Hong Kong voters went to the polls on September 9 to support liberty-minded candidates after months of growing protests and even hunger strikes against proposed communist “brainwashing” in government schools, which opponents said was an effort to indoctrinate children into supporting the brutal dictatorship ruling over mainland China. Anti-Beijing sentiment is still at an all-time high and continues to grow.
The legislative elections, in which voters selected over half of Hong Kong’s lawmakers while mostly pro-Beijing special-interest groups and elites chose the rest, were seen by analysts as a crucial milestone. The vote marked the first time that a majority of lawmakers were chosen by the electorate, and the results will play a key role in determining Hong Kong’s future governance.
Citizens opposed to the increasing influence of the communist regime in Beijing over Hong Kong did succeed in maintaining control over at least one third of the legislature — and with it, veto power.
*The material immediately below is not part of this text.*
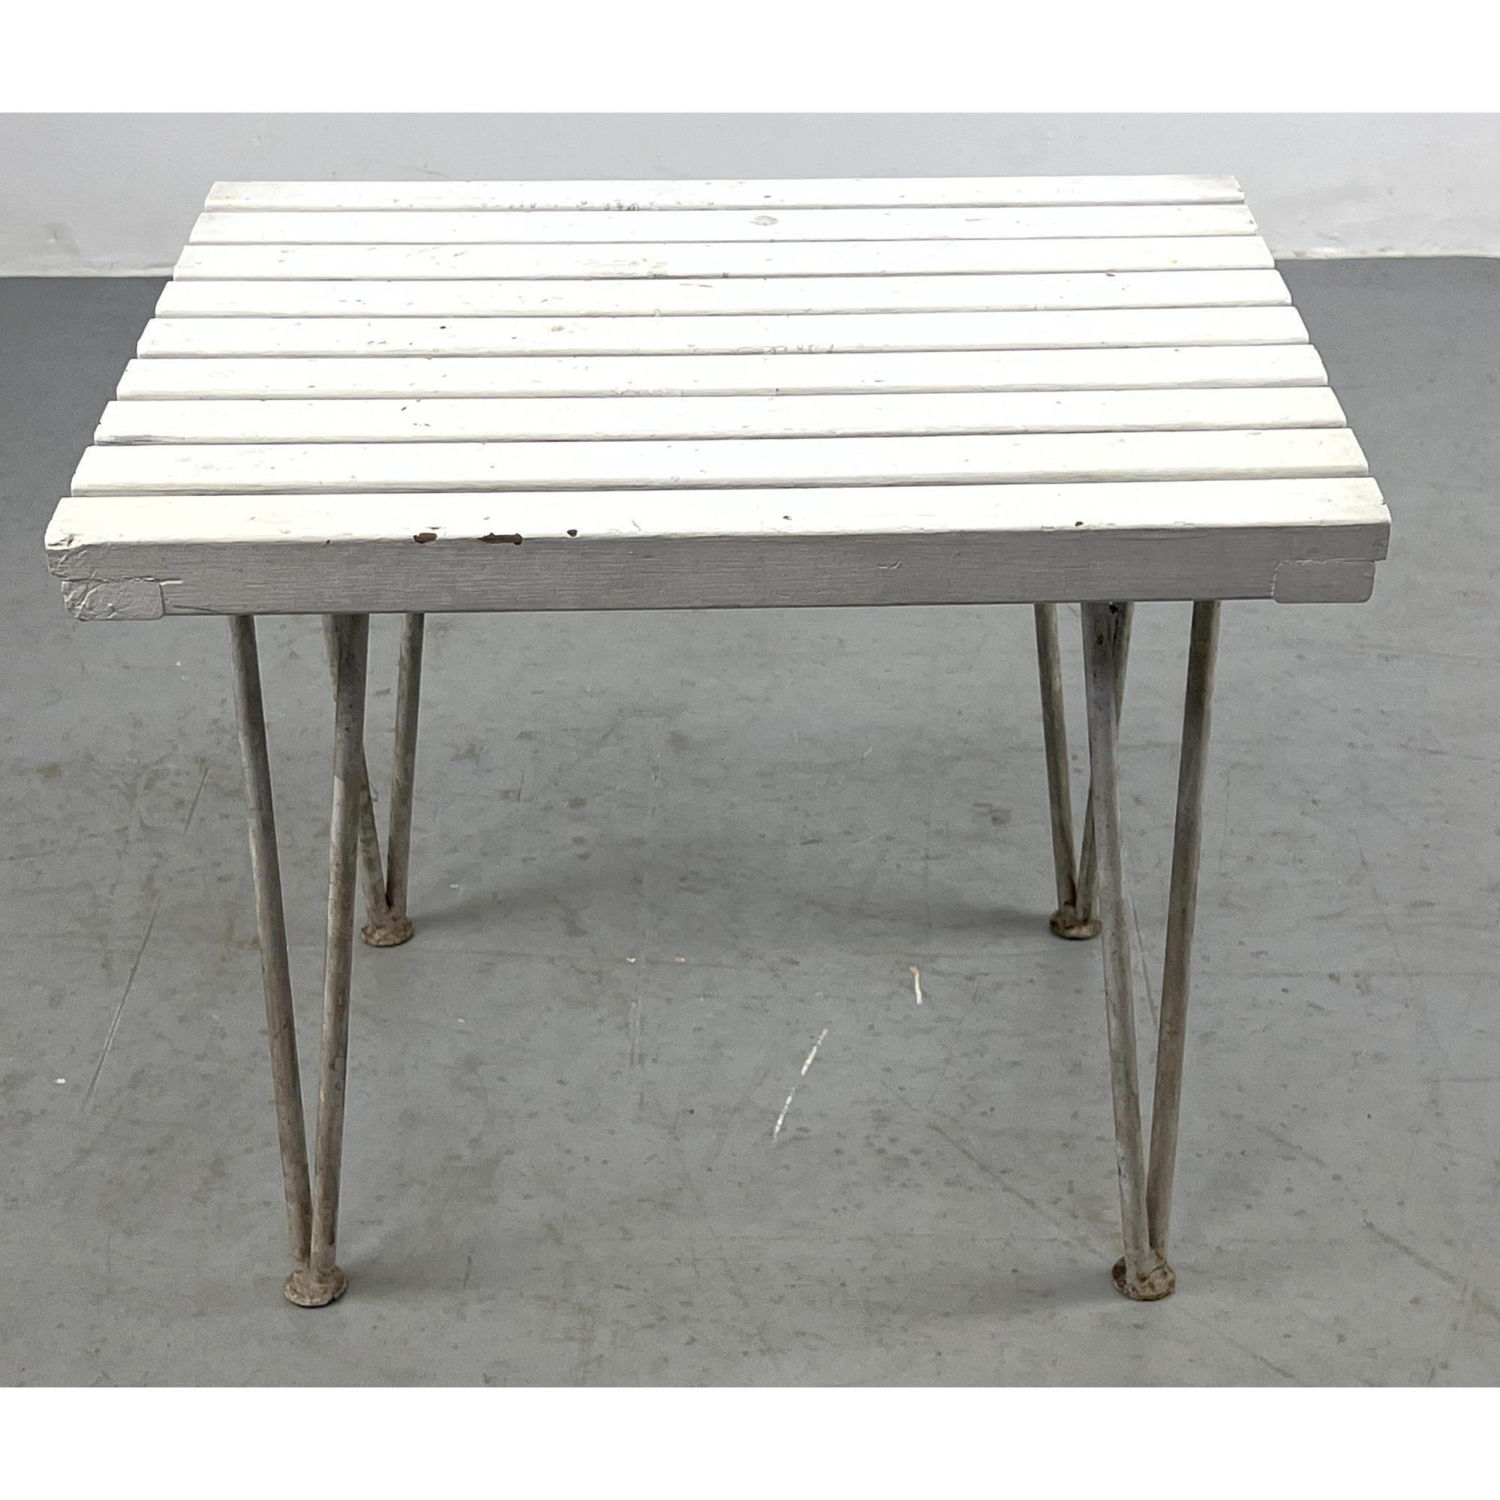 Painted White Slat Top Table Painted 2ff3f6

The results will allow Hong Kong to block constitutional changes that would further the expansion of power by pro-Chinese Communist Party forces.
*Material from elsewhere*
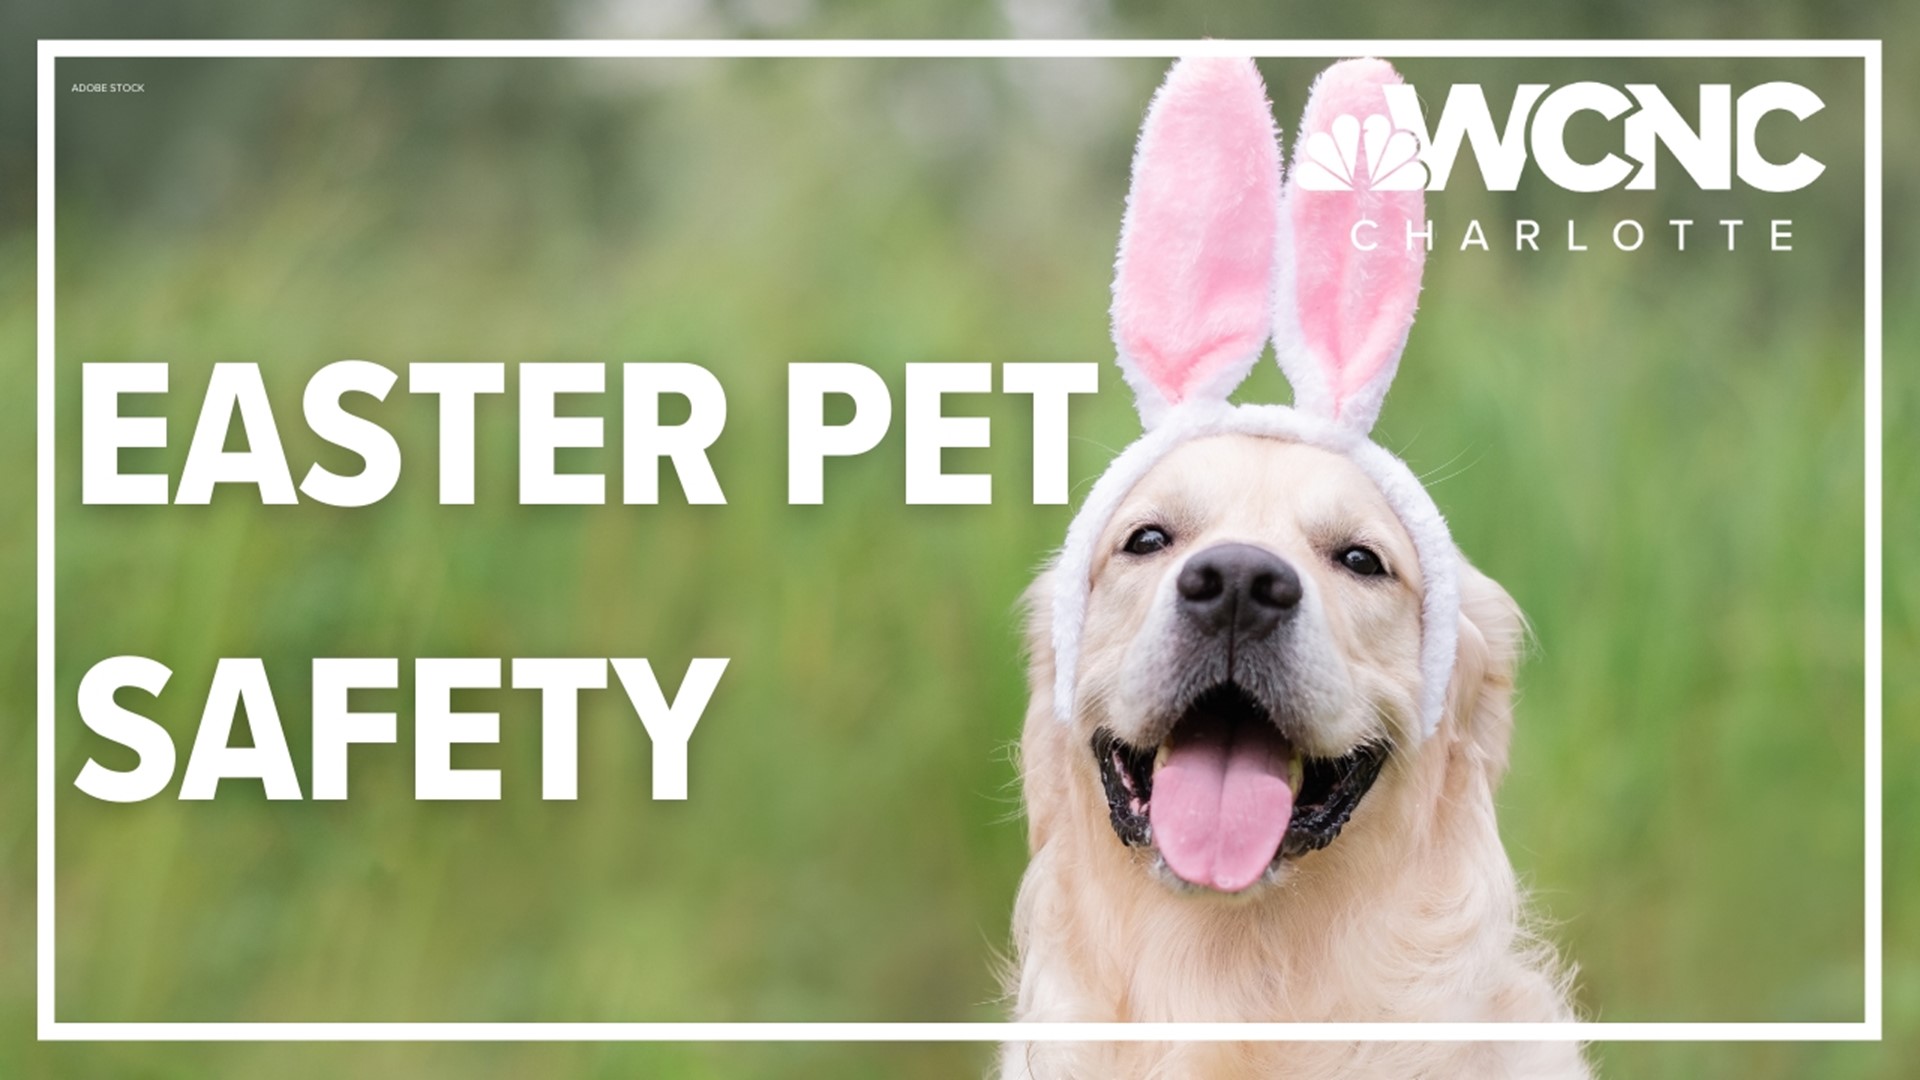 Chocolate is one of the most popular Easter candies, and while it can be enjoyable for us, it can be dangerous for your pets.

Pro-Beijing forces did relatively well considering the surging opposition to mainland communist scheming and their small numbers of supporters in the city. According to the New York Times and various analysts, the Chinese regime-supporting “Democratic Alliance for the Betterment and Progress of Hong Kong” used various gimmicks to garner more seats. Some even accused the mainland dictatorship of unlawfully subsidizing the pro-regime party.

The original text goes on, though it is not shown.